Characterization of NADH oxidase/NADPH polysulfide oxidoreductase and its unexpected participation in oxygen sensitivity in an anaerobic hyperthermophilic archaeon.NADH 氧化酶/NADPH 多硫化物氧化还原酶的特性及其在一种厌氧嗜热古菌中对氧气敏感性的意外参与。
J Bacteriol. 2010 Oct;192(19):5192-202. doi: 10.1128/JB.00235-10. Epub 2010 Jul 30.
4
SurR regulates hydrogen production in Pyrococcus furiosus by a sulfur-dependent redox switch.SurR 通过硫依赖型氧化还原开关调节 Pyrococcus furiosus 中的氢气生成。
Mol Microbiol. 2010 Sep;77(5):1111-22. doi: 10.1111/j.1365-2958.2010.07275.x.
5
Thermococcus kodakarensis genetics: TK1827-encoded beta-glycosidase, new positive-selection protocol, and targeted and repetitive deletion technology.嗜热球菌科达杆菌遗传学:TK1827 编码的β-糖苷酶、新的正选择方案以及靶向和重复缺失技术。
Appl Environ Microbiol. 2010 Feb;76(4):1044-52. doi: 10.1128/AEM.02497-09. Epub 2009 Dec 18.
6
Archaeal intrinsic transcription termination in vivo.古菌体内的固有转录终止
J Bacteriol. 2009 Nov;191(22):7102-8. doi: 10.1128/JB.00982-09. Epub 2009 Sep 11.
7
SurR: a transcriptional activator and repressor controlling hydrogen and elemental sulphur metabolism in Pyrococcus furiosus.SurR:一种控制激烈火球菌中氢和元素硫代谢的转录激活因子和阻遏因子。

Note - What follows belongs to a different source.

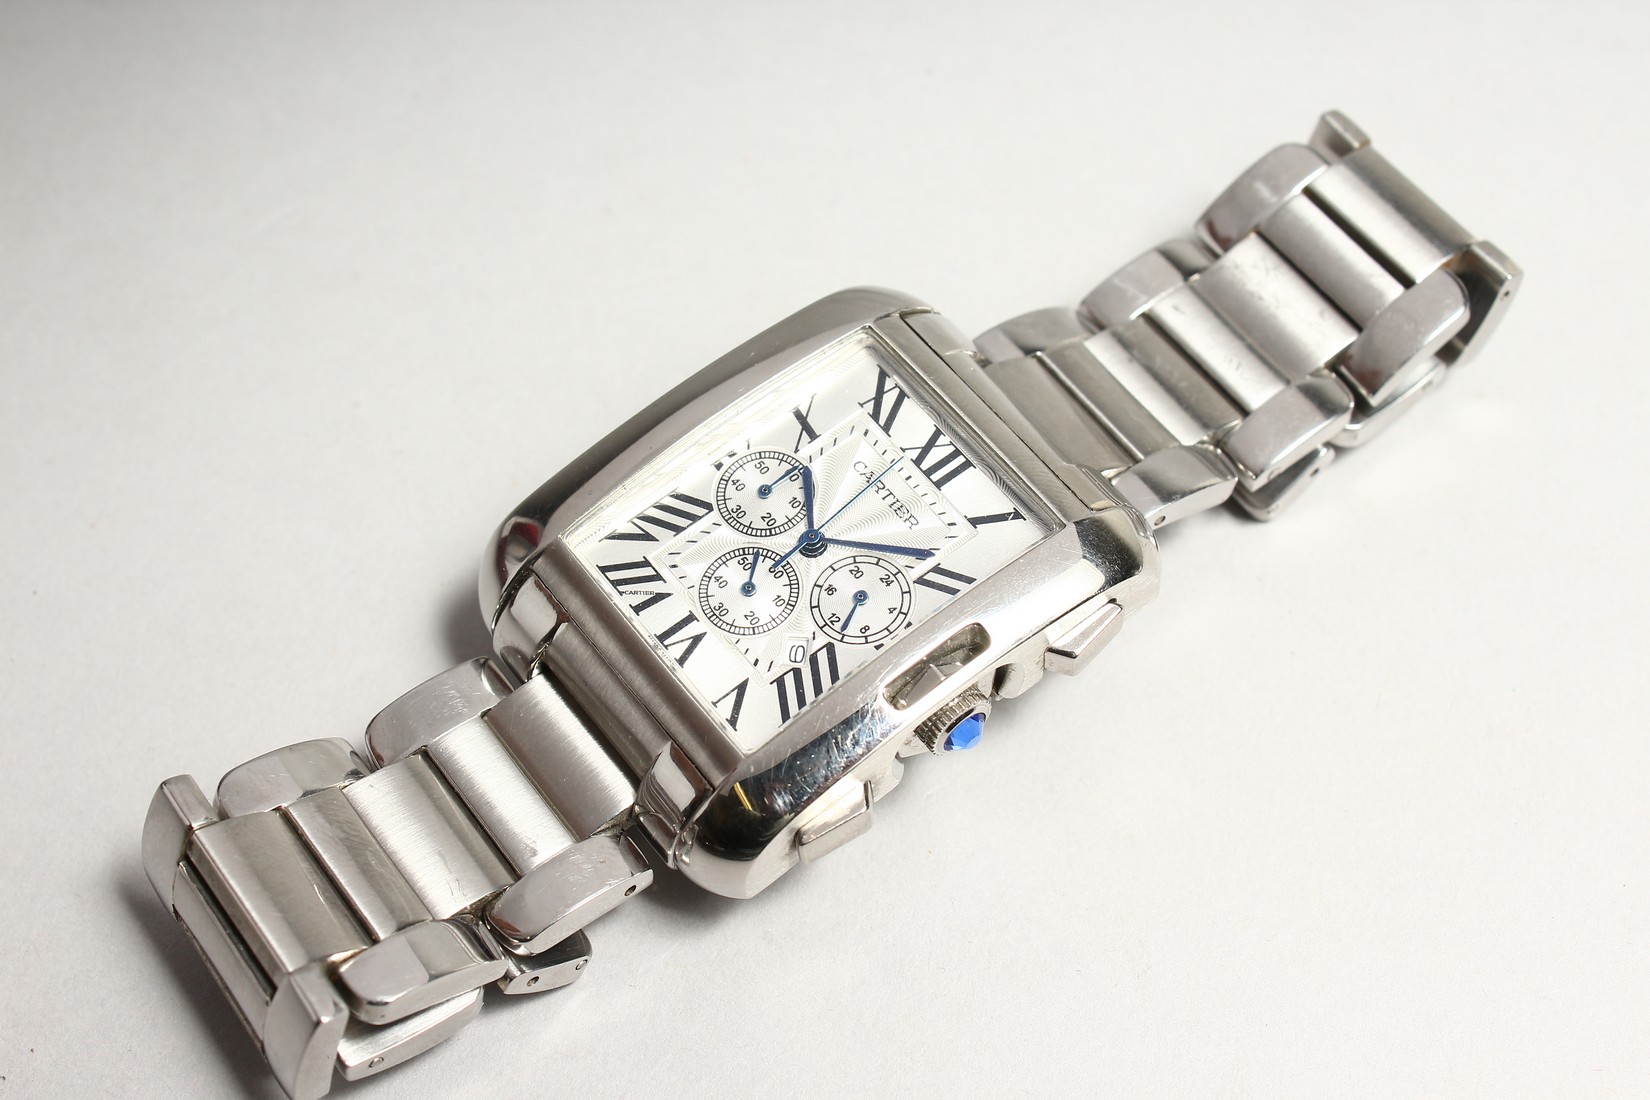 A CARTIER CHRONGRAPIA STAINLESS STEEL WATCH AND BRACELET. - Image 2 of 7

Mol Microbiol. 2009 Jan;71(2):332-49. doi: 10.1111/j.1365-2958.2008.06525.x. Epub 2008 Nov 10.
8
Shuttle vector expression in Thermococcus kodakaraensis: contributions of cis elements to protein synthesis in a hyperthermophilic archaeon.嗜热栖热菌中的穿梭载体表达:顺式元件对嗜热古菌蛋白质合成的贡献
Appl Environ Microbiol. 2008 May;74(10):3099-104. doi: 10.1128/AEM.00305-08. Epub 2008 Mar 31.
9
Polarity in archaeal operon transcription in Thermococcus kodakaraensis.嗜热栖热菌中古菌操纵子转录的极性
J Bacteriol. 2008 Mar;190(6):2244-8. doi: 10.1128/JB.01811-07. Epub 2008 Jan 11.
10
Reinvestigation of the steady-state kinetics and physiological function of the soluble NiFe-hydrogenase I of Pyrococcus furiosus.对激烈热球菌可溶性NiFe-氢化酶I的稳态动力学和生理功能的重新研究。
J Bacteriol. 2008 Mar;190(5):1584-7. doi: 10.1128/JB.01562-07. Epub 2007 Dec 21.